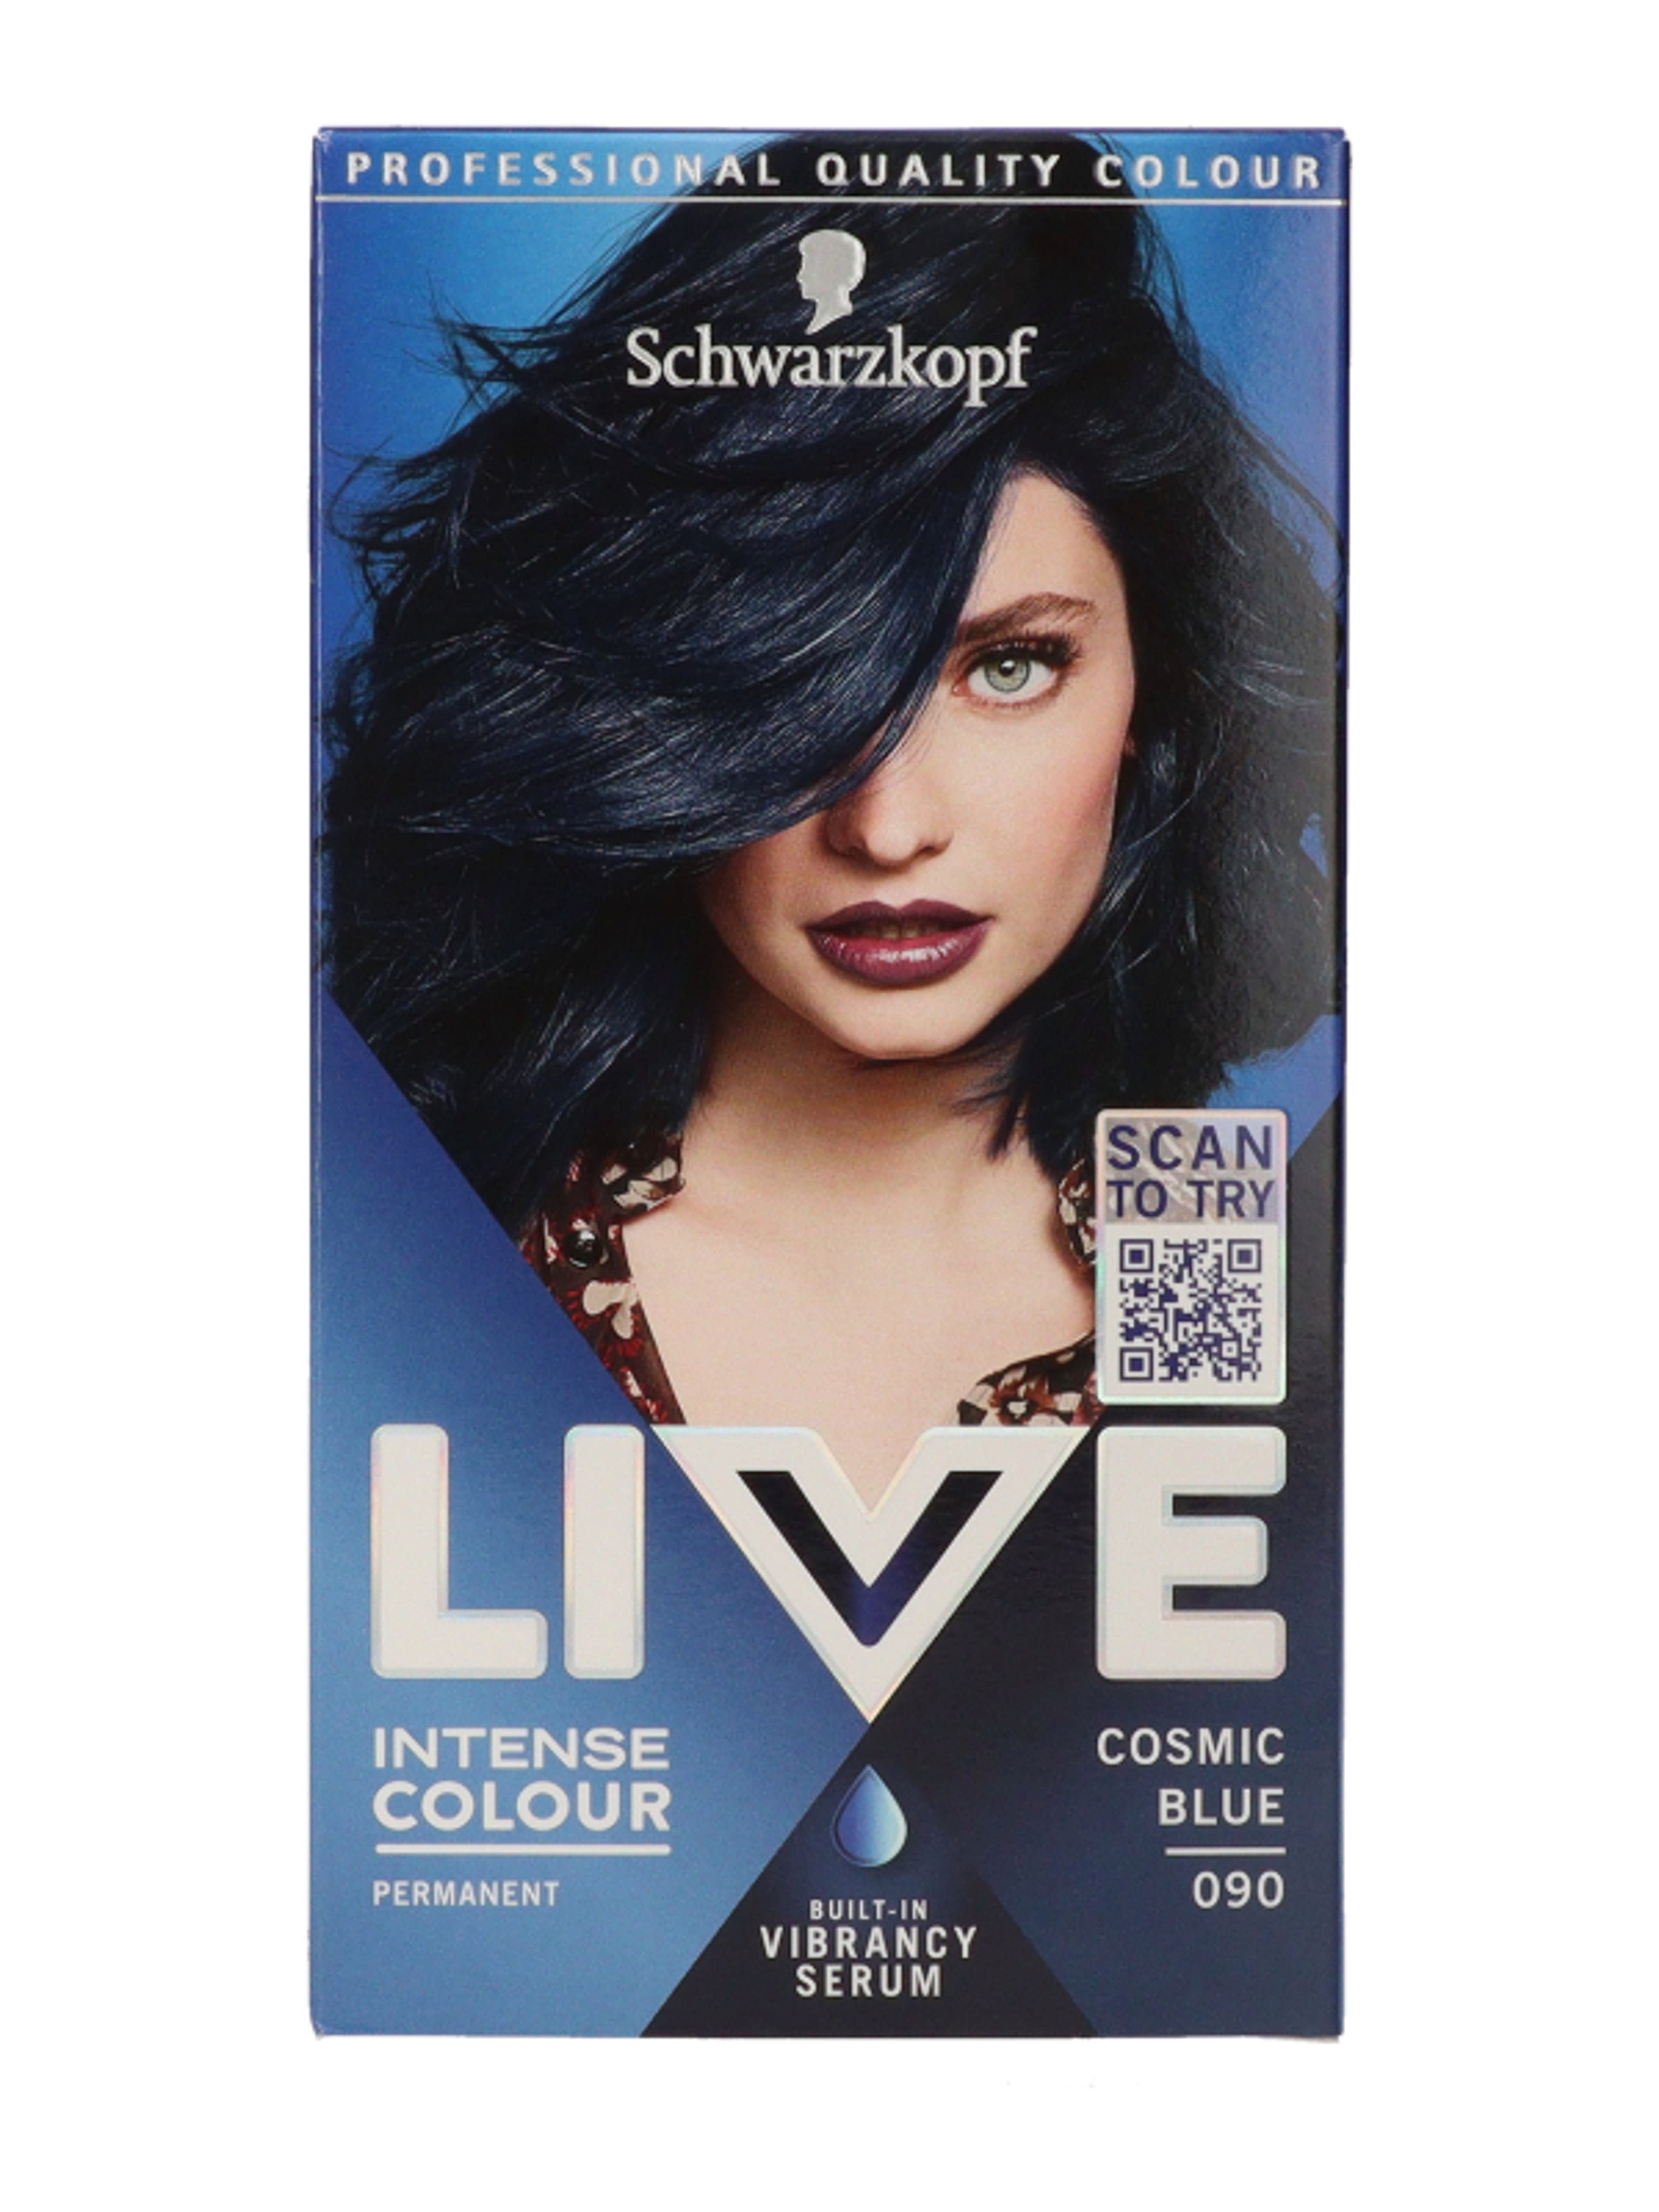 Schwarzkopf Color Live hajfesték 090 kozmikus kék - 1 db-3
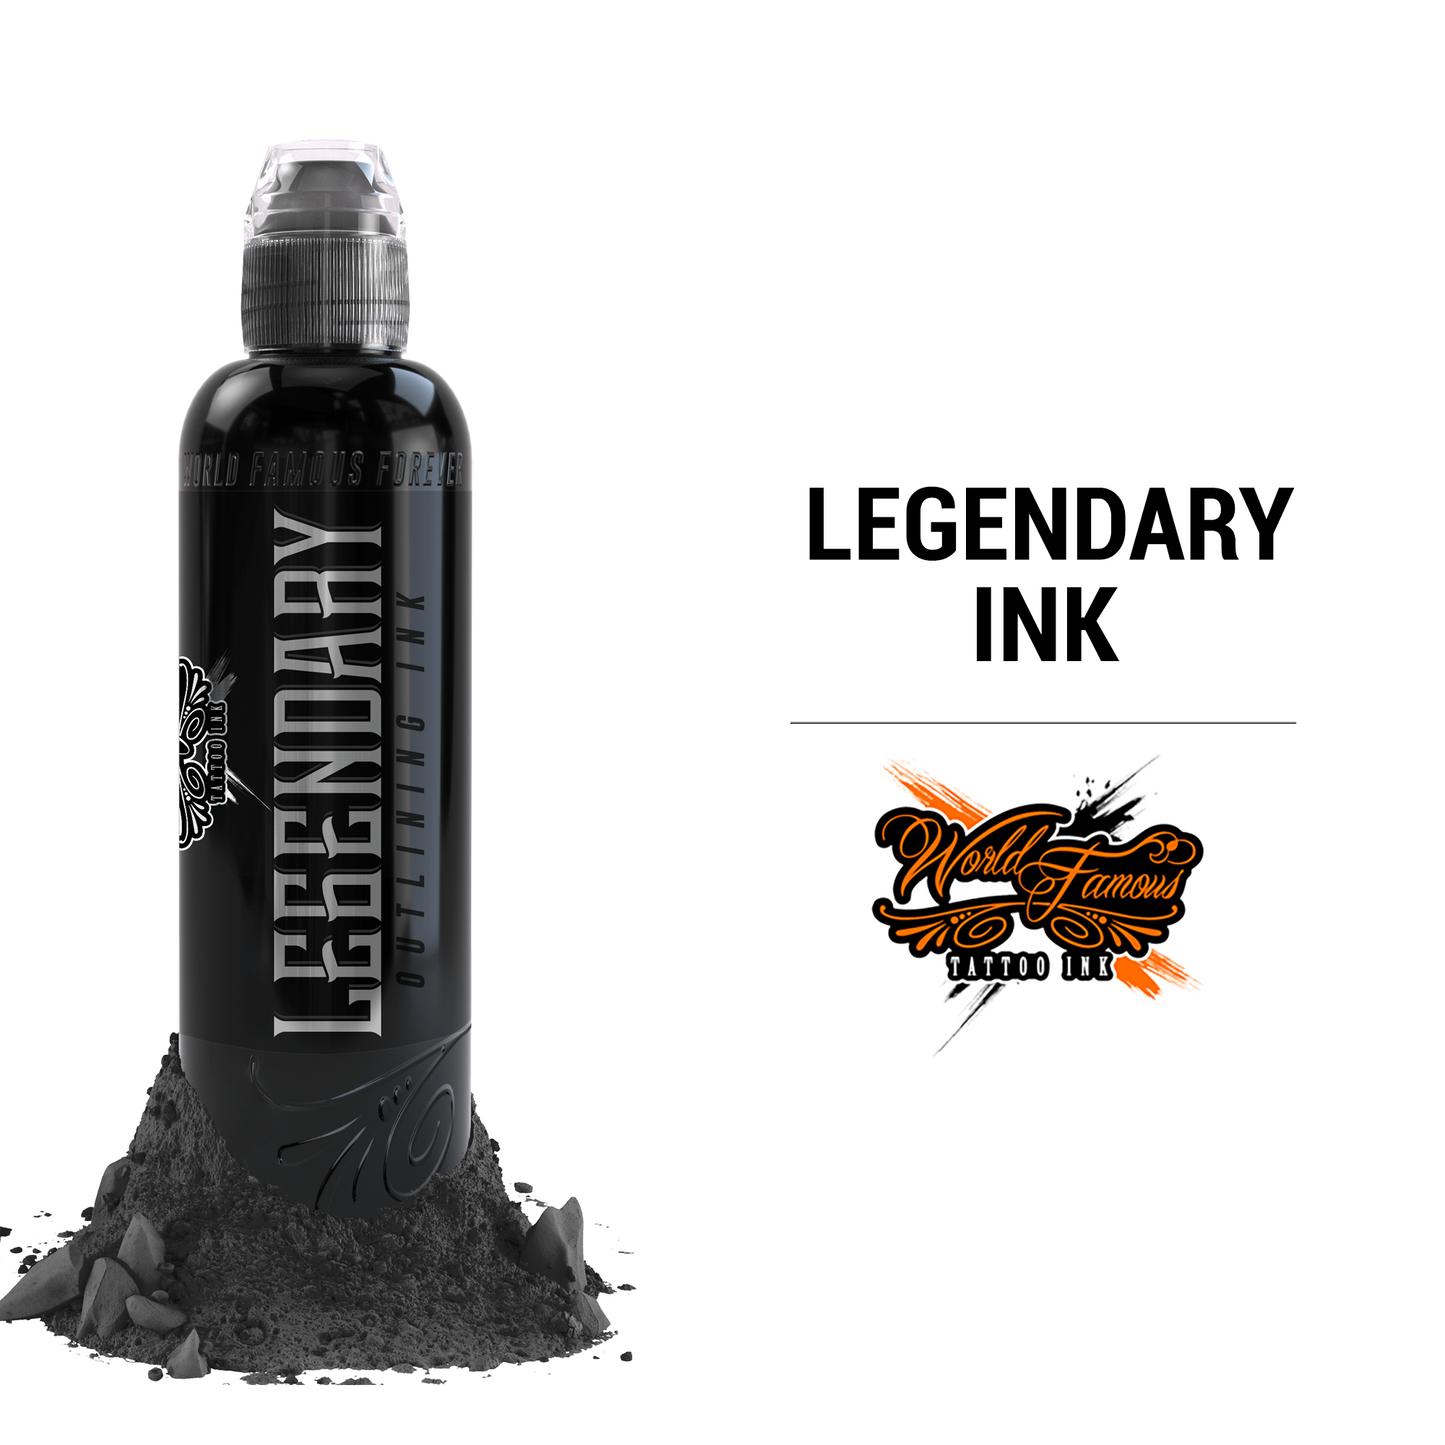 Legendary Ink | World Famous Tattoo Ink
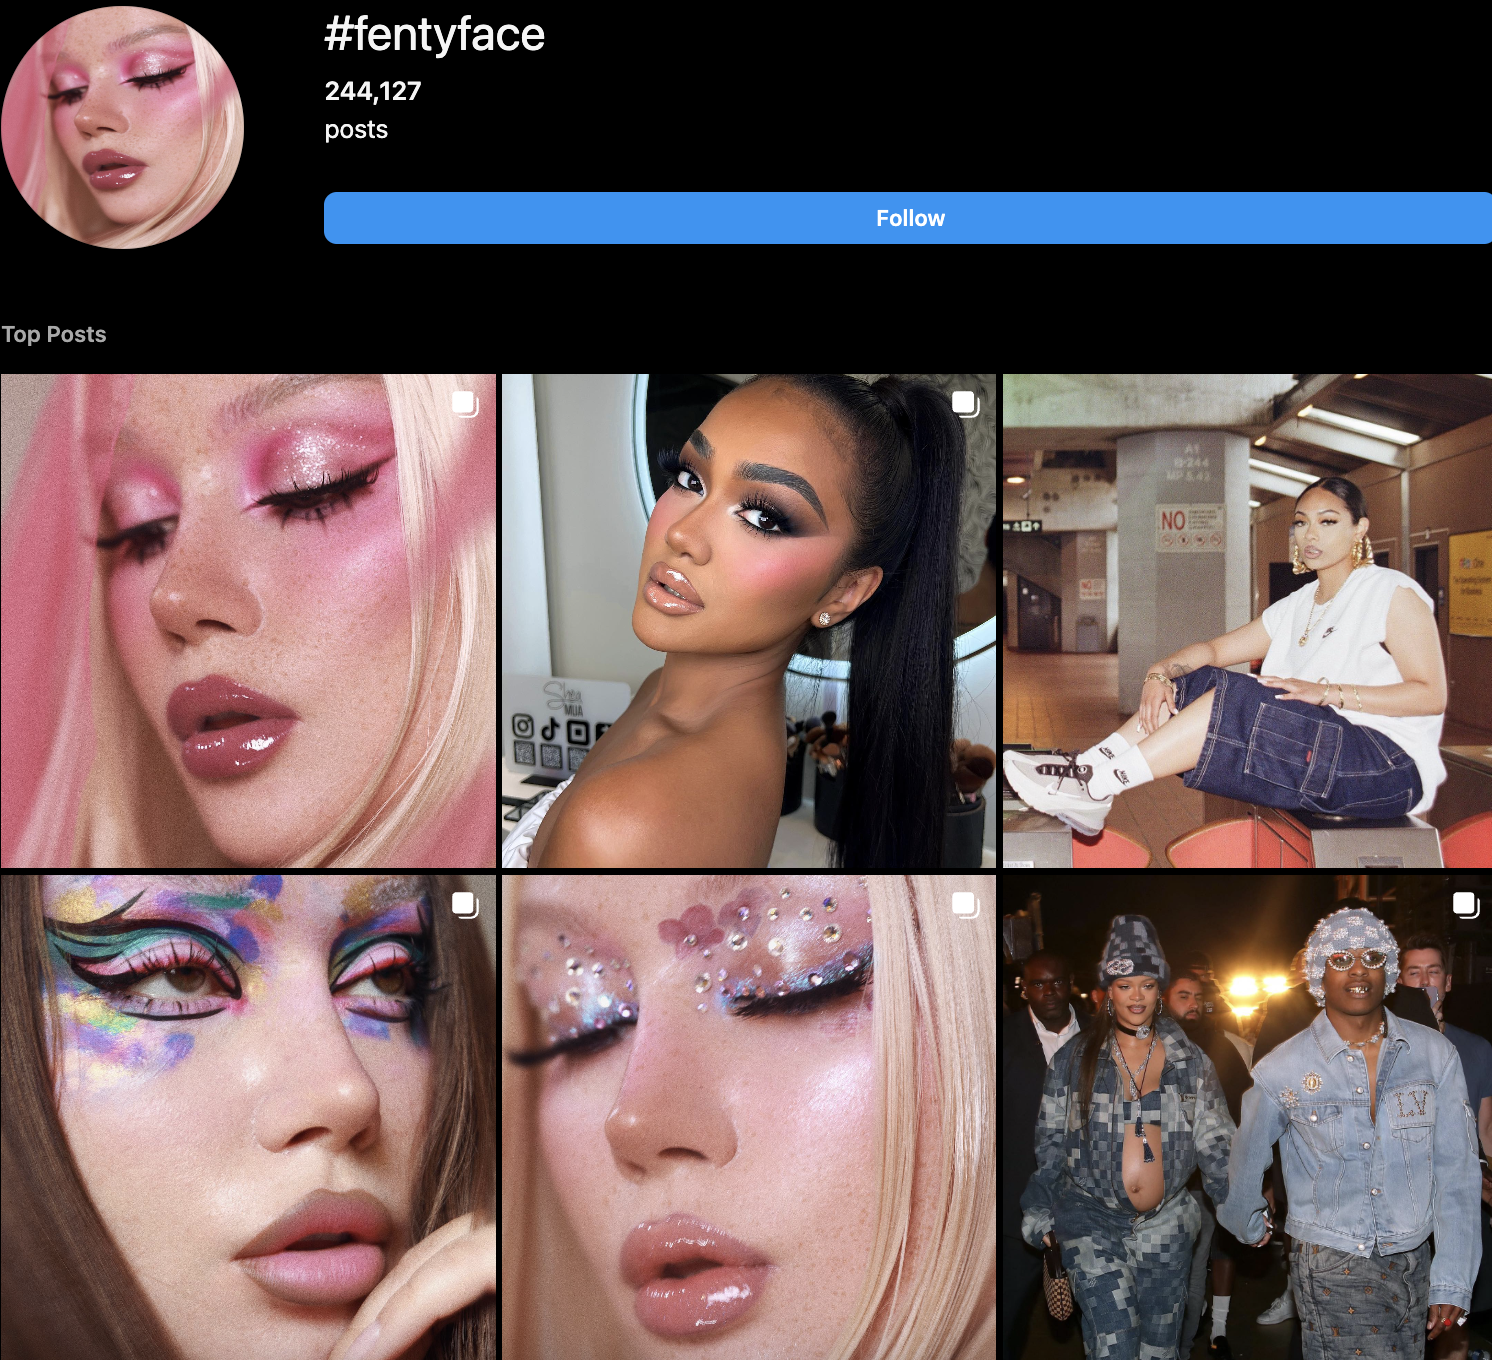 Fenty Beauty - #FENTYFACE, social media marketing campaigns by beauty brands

EXERCISE GOAL: Where a picture appears, omit it, and otherwise retype the material exactly.

RESULT FOR THIS EXERCISE:
 Schwarzkopf Color Live hajfesték 090 kozmikus kék - 1 db-3
 Legendary Ink | World Famous Tattoo Ink
 Fenty Beauty - #FENTYFACE, social media marketing campaigns by beauty brands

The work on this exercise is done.